Aljamain Sterling has responded to Michael Chandler’s recent claim that Ultimate Fighting Championship (UFC) fighter pay is right where it needs to be given how hard the promotion works in comparison to its athletes.

“I think people think we should make a lot more money because the UFC makes a ton of money on their shows,” Chandler said on the How U Livin J Piven podcast. “Well, UFC’s been at it since 1993. Dana White has had 10,000 sleepless nights when most of us fighters are just showing up to practice and going to bed, laying our head on the pillow and getting after it, and getting paid a decent wage for what we do.”

Sterling broke down the financial reality of many fighters coming up in the organization and how thin the margins are recently on his personal YouTube channel.

“Him saying Dana White had 10,000 sleepless nights,” Sterling said (transcript via MMA Fighting). “Michael Chandler, you’ve been competing since you were out of the womb pretty much. What about all your sleepless nights of training, cutting weight? What about all the other fighters training, cutting weight? You can’t say all we do is go to the gym, train, sleep and repeat. Some of us have second jobs.
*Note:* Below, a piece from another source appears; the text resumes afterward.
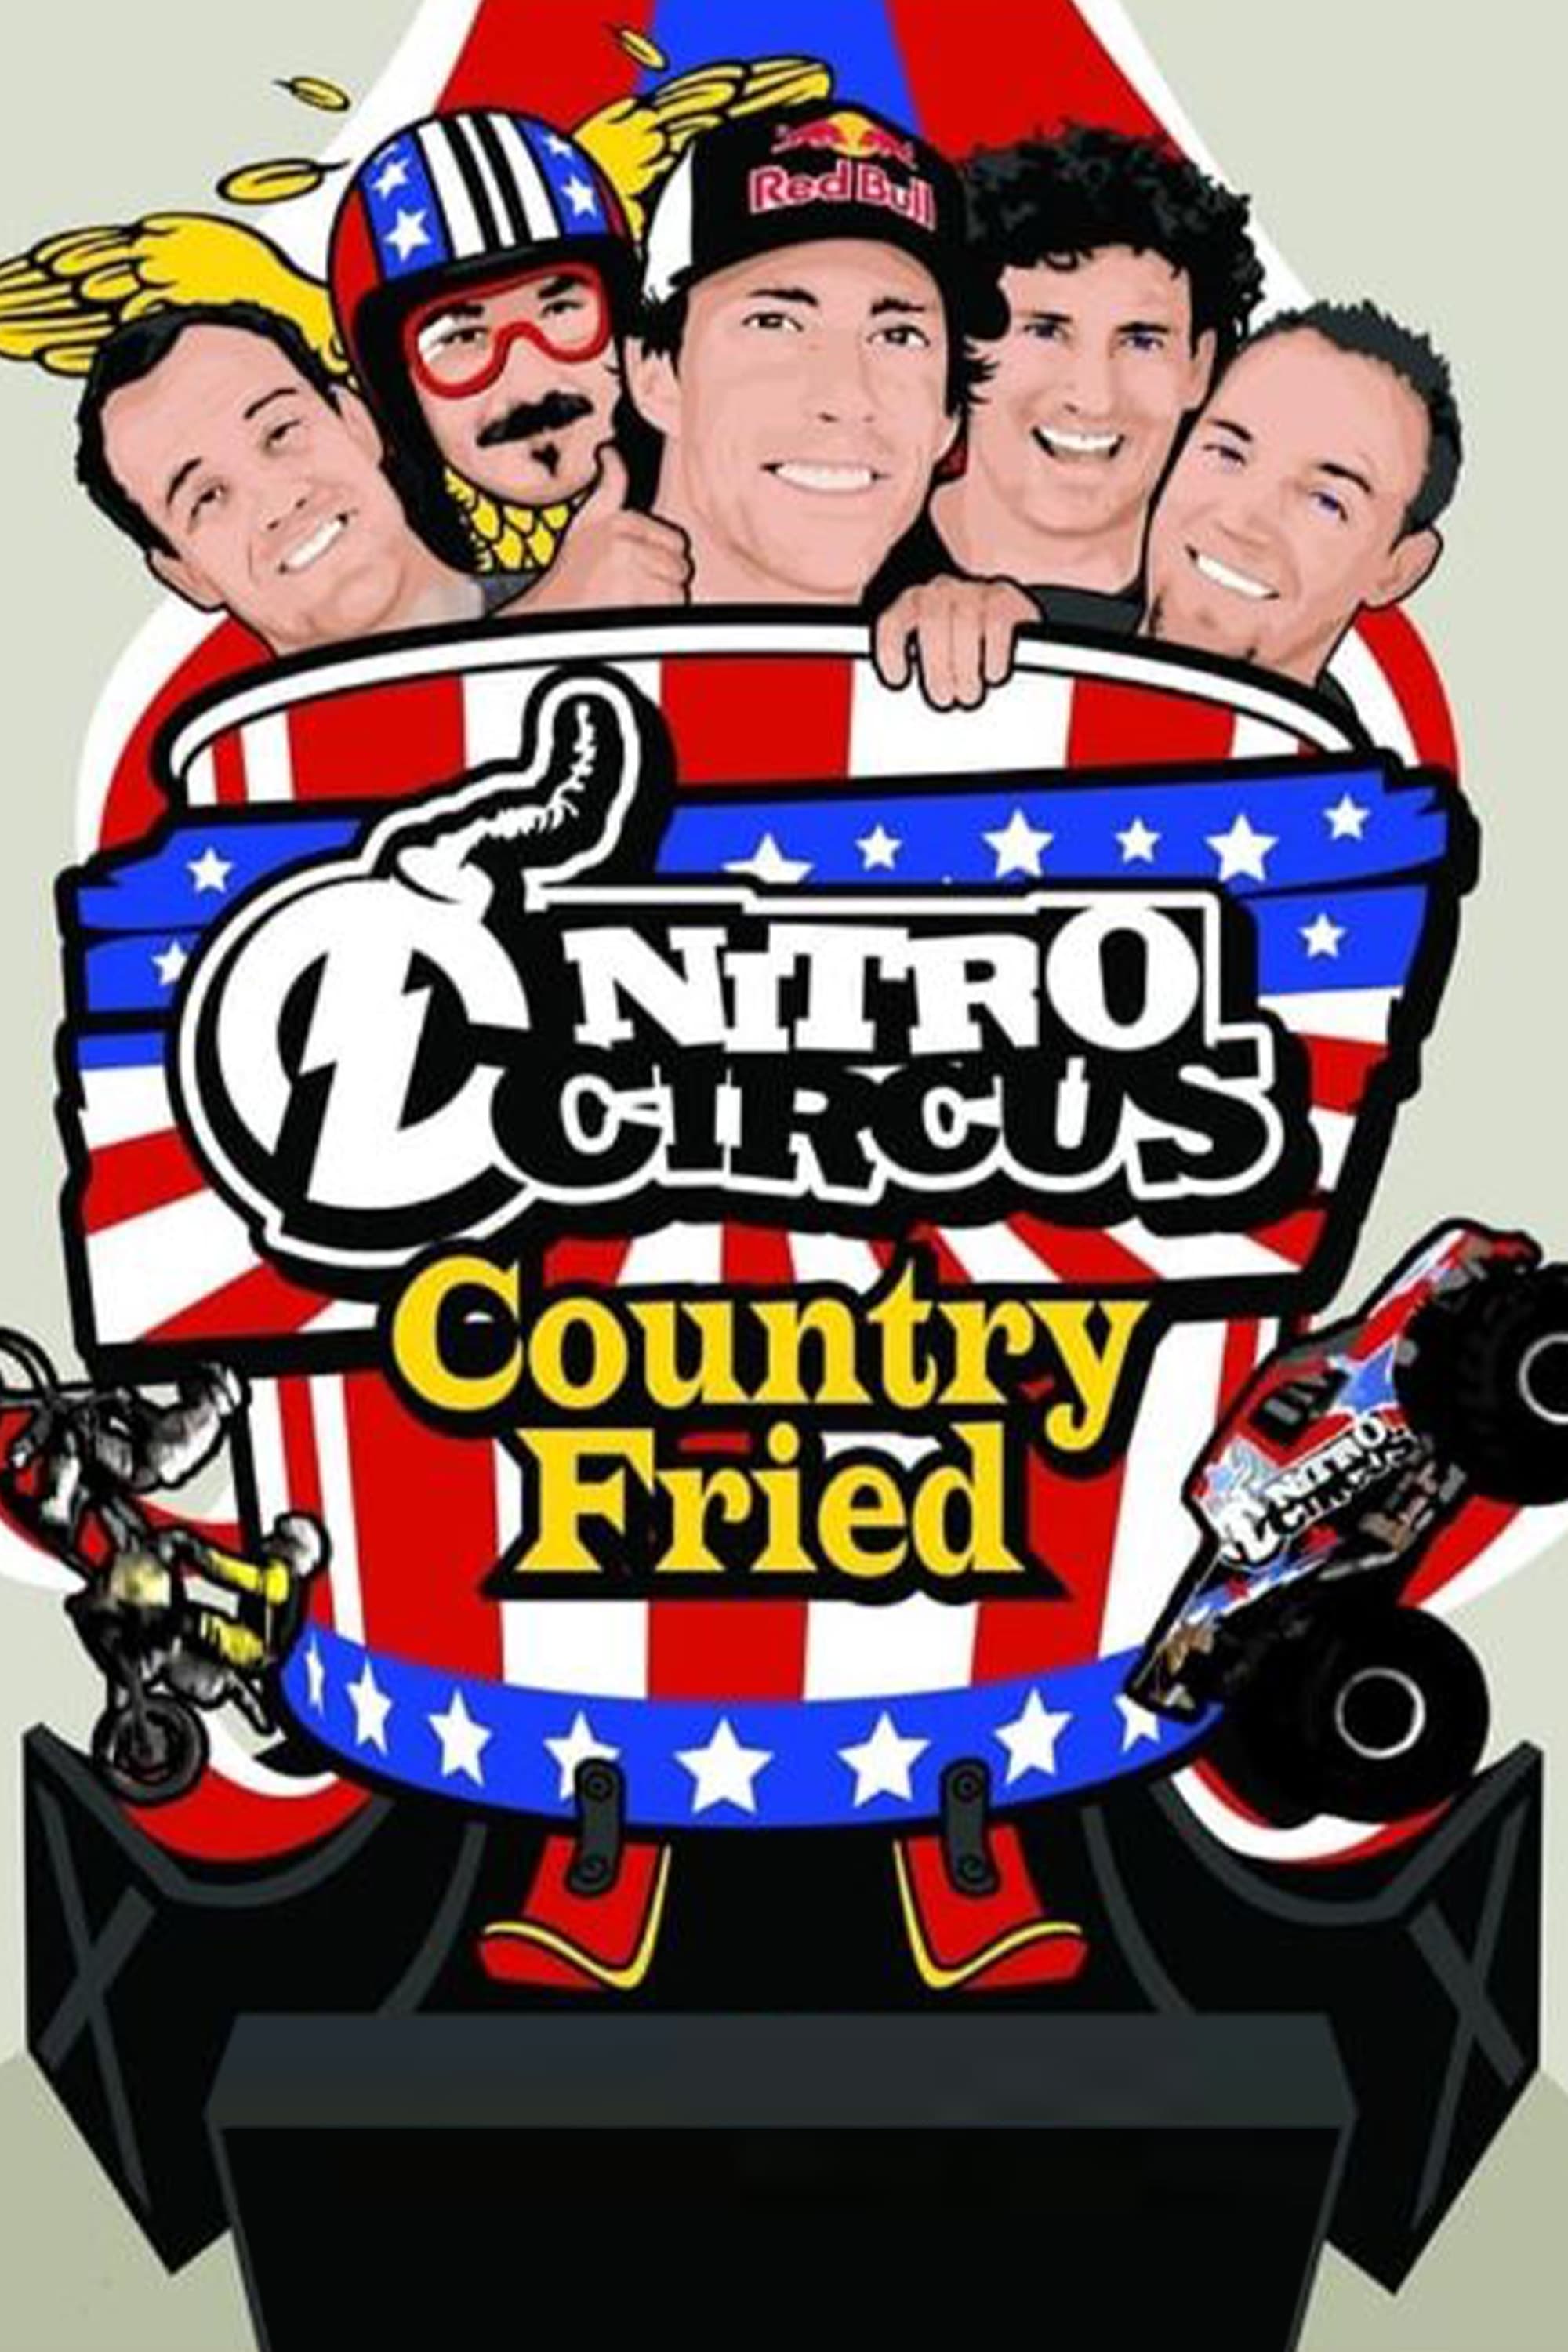 Nitro Circus 7 Country Fried

I had a second job all the way through my career until after I beat ‘Tanquino’ [Augusto Mendes].

“I came into UFC at eight and eight, $8,000 to win, $8,000 to show,” Sterling continued. “So if step on the scale, I show up, and I step into the Octagon, I make $8,000. Before taxes, before expenses, just to get to the fight, travel expenses, all that, food, equipment, we’re not talking about any of that included.

“Then I make another $8,000 if I win,” he added. “Now, minus pay for coaches ... five percent to [coach] Ray [Longo], five percent to [coach] Matt [Serra], 10 percent to management, then I pay taxes on whatever’s left, what I keep.... My second fight is 10 and 10, my third fight is 12 and 12, the last fight on my contract is 14 and 14.
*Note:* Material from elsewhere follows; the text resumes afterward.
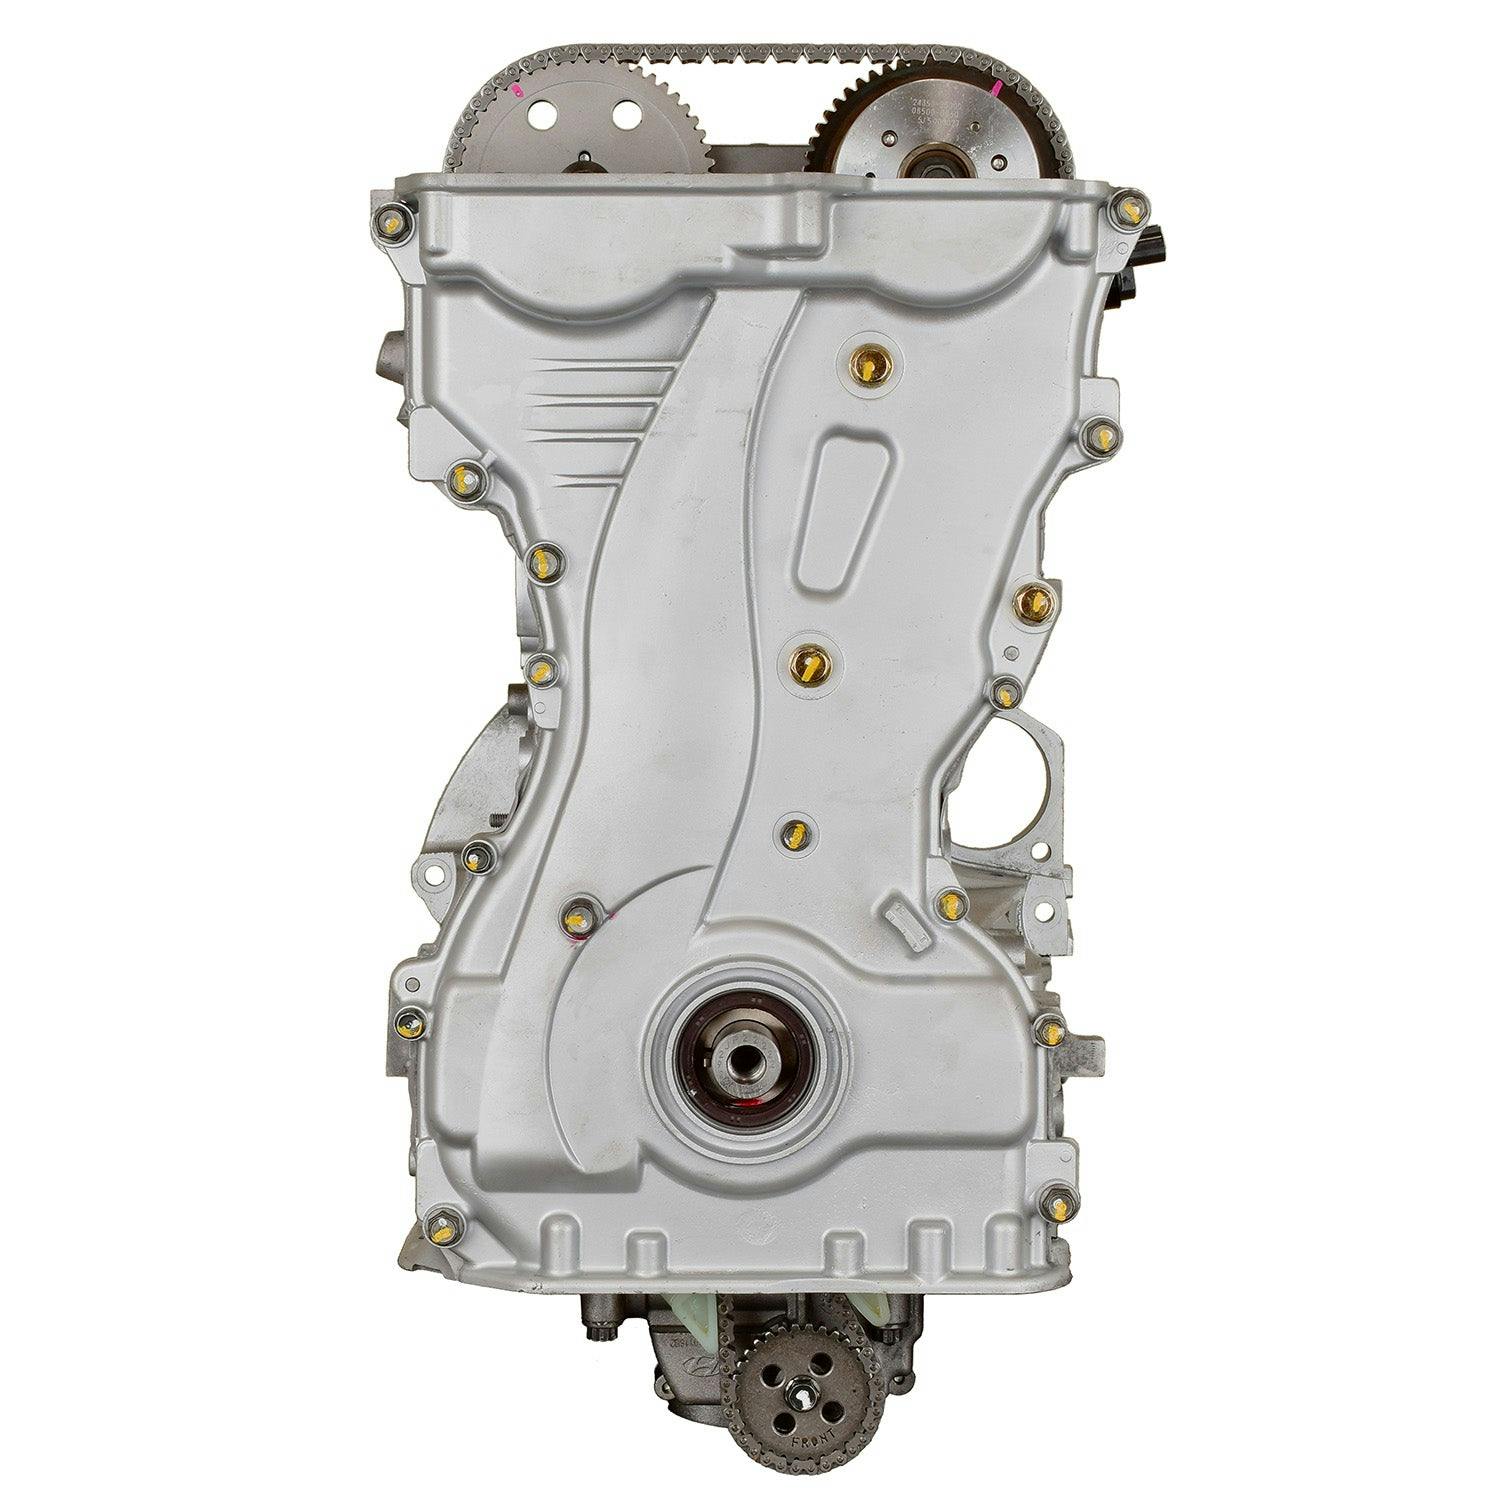 2L Inline-4 Engine for 2011-2013 Kia Forte/Forte Koup/Forte5

“Now, you guys do the math,” he said. “I’d have been making $56,000 starting, in Long Island [New York], as a physical education teacher, plus benefits, plus a retirement. So when you weigh that out, for Michael Chandler to say fighters just wake up, train, go to sleep, that’s kind of like, do you not value what you bring to the table for your bosses?”

Sterling pointed out that UFC was breaking records and making tons of money.

“If you get to a certain threshold, there should be a bottom line minimum of what everyone should get, which should be enough to sustain themselves from not having or needing to work another job,” he suggested.

“At the end of the day, Chandler, you and I could agree that there is more to spread around for the fighters based on the numbers that have been shown and revealed,” Sterling said. “I’m not saying the UFC doesn’t do a great job of making sure they’re making millionaires, but to say we couldn’t be doing more, couldn’t be doing better for the fighters, I think you’d be lying to yourself. But it is what it is. I think brighter days are going to come eventually.”

With UFC still paying its fighters closer to 20 percent of revenue than the 50 percent that is the standard of other major leagues, the only way things can go is up.